Although Virgin America does not yet meet the size threshold to be classified a “major” carrier by DOT, it will be classified as one in 2012. In the interim, the airline tracks its on-time performance, baggage handling and other key operational statistics in advance of the DOT’s requirement to report. For the third quarter of 2011, Virgin America achieved an 83.1 percent cumulative A-14 on-time ranking. Virgin America also reported a 99.2 percent completion factor for the quarter. The airline’s baggage handling rate for the third quarter was .78 mishandled baggage reports per 1000 guests, which would place it first among all reporting U.S. carriers for reliability in the third quarter, when compared to DOT’s reportable data.
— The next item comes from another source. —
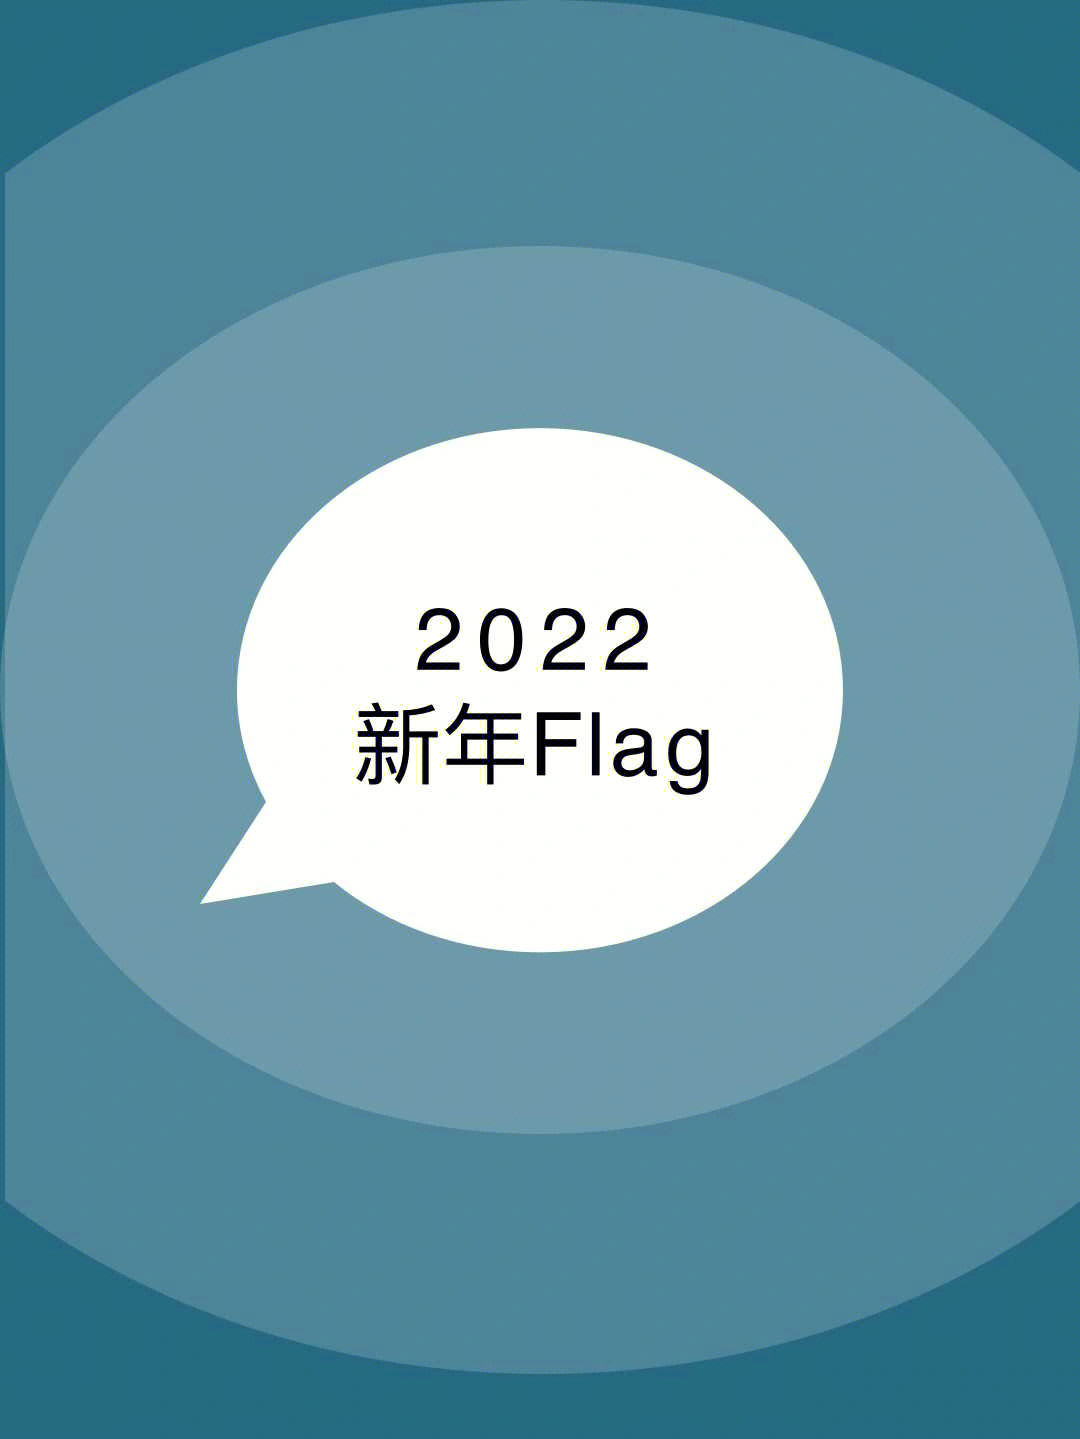 新年flag图片2022图片

Since its 2007 launch, Virgin America has experienced record-setting growth – with 2,200 new jobs created, more than 14 million guests flown and a sweep of the major reader-based travel awards, including “Best Domestic Airline” in both Condé Nast Traveler’s Readers’ Choice Awards and Travel + Leisure’s World’s Best Awards. As one of the few growing U.S. airlines, Virgin America continues to expand its fleet, growing from 28 aircraft in service in the first quarter of 2010, to 46 aircraft by the end of 2011 and a projected 52 aircraft by the end of 2012. In the third quarter, the airline announced new service to Palm Springs and Puerto Vallarta. In the past twelve months alone, the carrier has introduced its unique, low-fare service to Chicago, Dallas-Fort Worth, Los Cabos, Cancun, Palm Springs and Puerto Vallarta.
Other key milestones achieved in the third quarter of 2011 include:
Although a privately held company, Virgin America is announcing these quarterly earnings results in advance of the Department of Transportation’s (DOT) quarterly reports.